# itzDirty Special



## Rich Cronk (Feb 24, 2010)

This is a howler that I started building last night. He wanted a howler like the one I recently built for Prairie Wolf. The horn I had in stock wasn't EXACTLY like Prairiewolf's, but make no mistake, it is a real coyote calling machine. Most men who call coyotes do not understand that coyotes will often approach the howls of a stranger in their territory. This howler is very loud, and sounds very real. The puppy squeals that this howler can produce are also very realistic. Puppy distress sounds are really another prey distress to the ears of coyotes and other predators, so the sound works well all year around. Puppy squeals are a double whammy at this time of the year because the sound triggers protective instinct of dominant Mom and Pop coyote.
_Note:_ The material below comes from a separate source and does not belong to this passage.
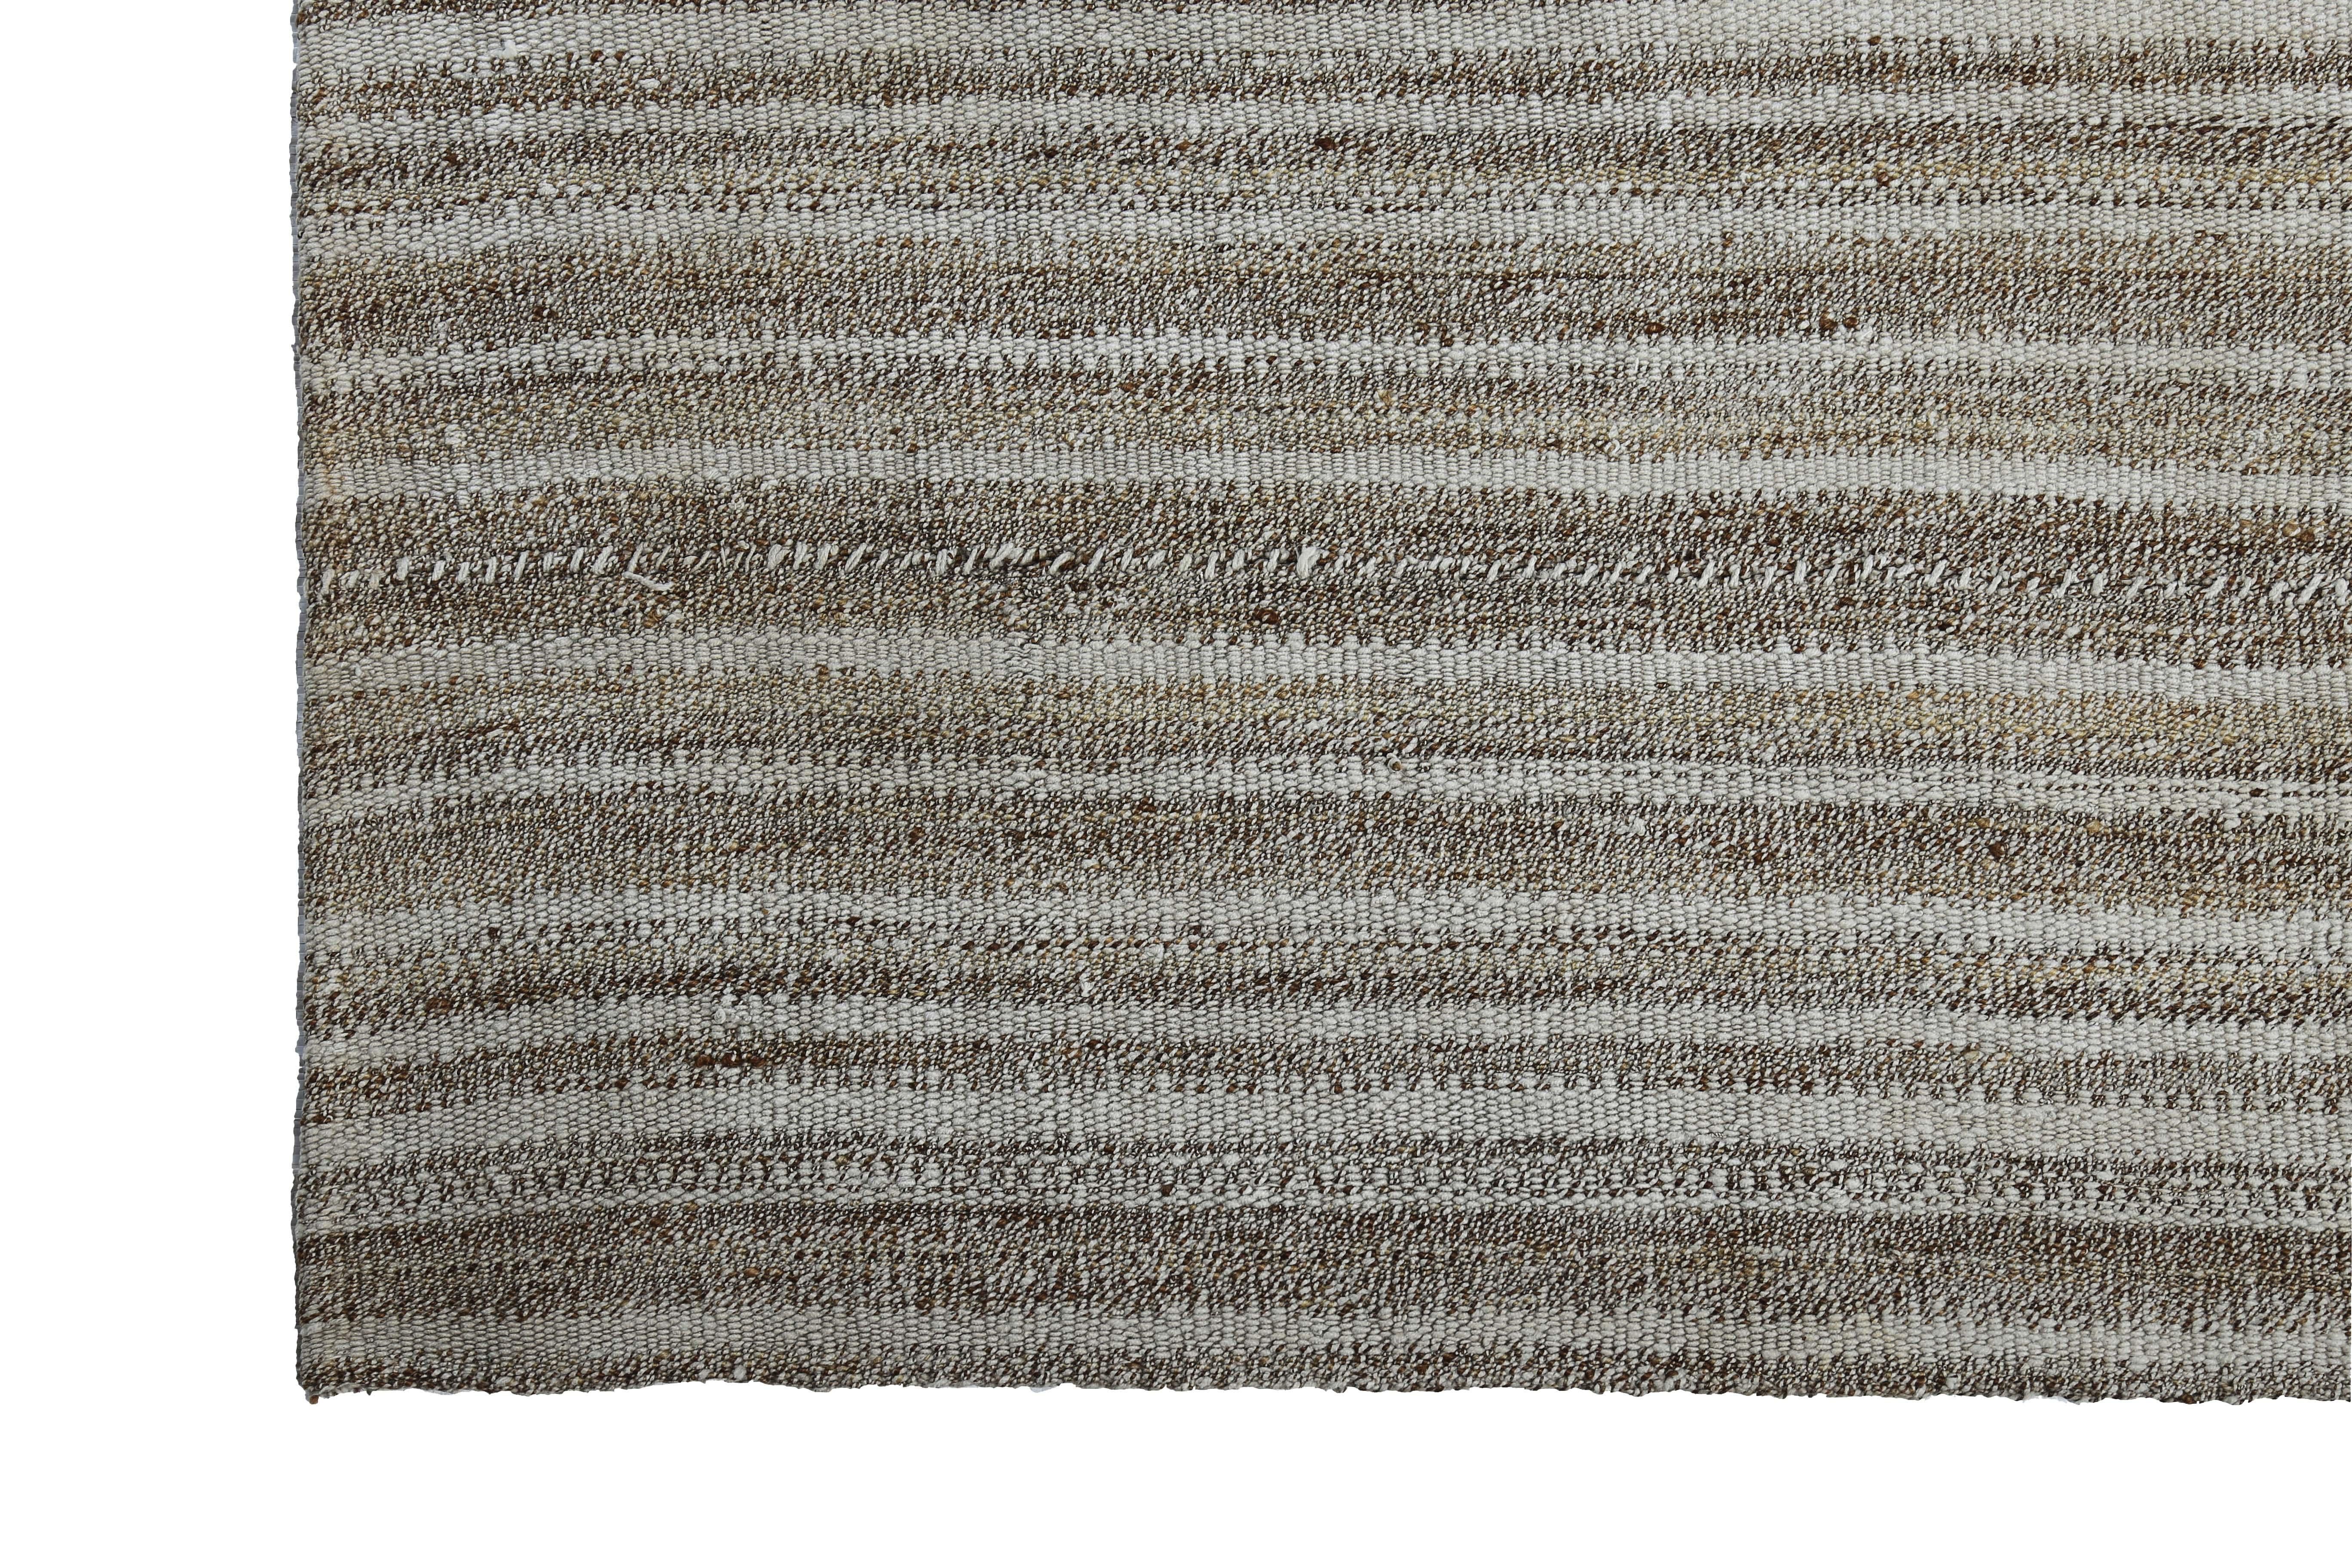 Hand-Woven Modern Turkish Kilim Rug with Brown Pencil Stripes on Gray Field For Sale
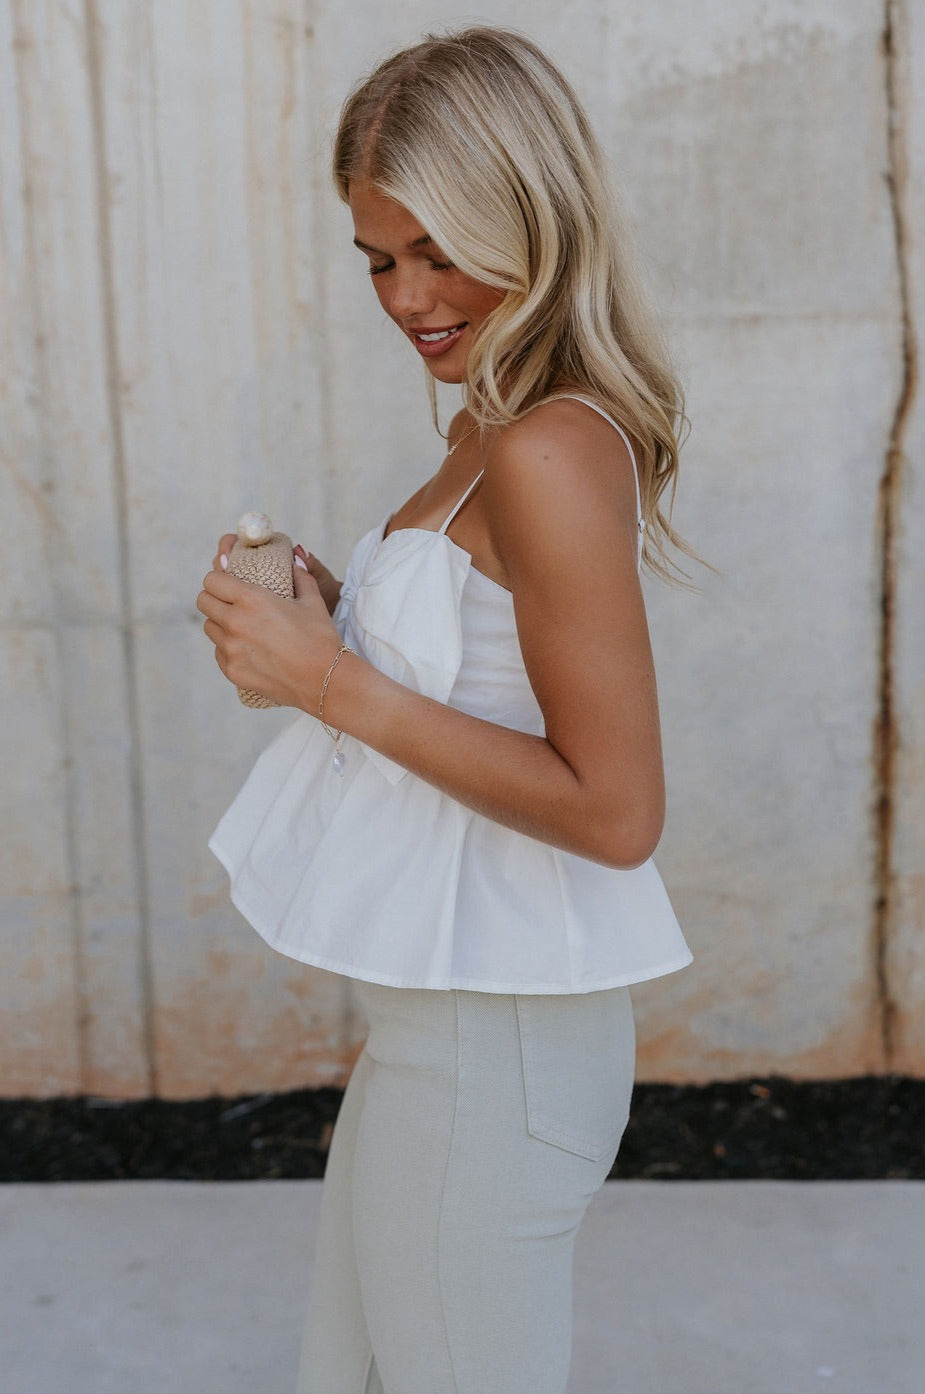 Side view of female model wearing the Alina Off White Bow Poplin Tank which features White Lightweight Fabric, Cropped Waist, Front Oversized Bow Detail, Adjustable Straps and Monochrome Back Zipper with Hook Closure

I will record a sound file or two a bit later and post them here.


----------



## youngdon (Mar 10, 2010)

Sweet ! That's another nice piece of work Sir. Beautiful horn too !


----------



## Rich Cronk (Feb 24, 2010)

Here are three recordings that I just now made with the itzDirty Special.


----------



## prairiewolf (Feb 19, 2012)

Very nice Rich, and your right on this is a good time to howl and use pup distress. Keep it simple and you will be surprised. Congrats Rick on your new howler, I pitty the wife and anyone in the household for a little while. LOL


----------



## Rick Howard (Feb 25, 2012)

LOL my wife has gotten use to me. It is my my neighbors that think I am nuts! Thanks Rich. It looks and sounds amazing. I am very excited. October can not get here soon enough!


----------



## 220swift (Mar 2, 2011)

Rich, looks very, very nice and real familar.....


----------



## Ruger (Jan 22, 2011)

Beautiful looking call.


----------



## bones44 (Jan 7, 2011)

Great job sir ! I was just driving my lab crazy with the pup distress sound. Pretty funny.


----------



## hassell (Feb 9, 2010)

Some more fine work.


----------



## Rich Cronk (Feb 24, 2010)

Stonegod said:


> As usual......beautiful work!!!


--------------------------------------------
Stonegod,
I left a little bit of Skoal snuff stain under the reed of itzDiry's call, but don't tell him.


----------



## prairiewolf (Feb 19, 2012)

*Now you got me checking mine! LOL*


----------



## Rick Howard (Feb 25, 2012)

It better be Straight Skoal Rich! Tobacco Flavored tobacco for me please. LOL


----------



## Rick Howard (Feb 25, 2012)

I got my call yesterday! The sound is awesome, the look is great, and the volume is high! Thanks Rich. I can not wait to get out this year. As Ed (prairiewold) said. If you don't have one of Rich's horn howlers..... you are missing out.


----------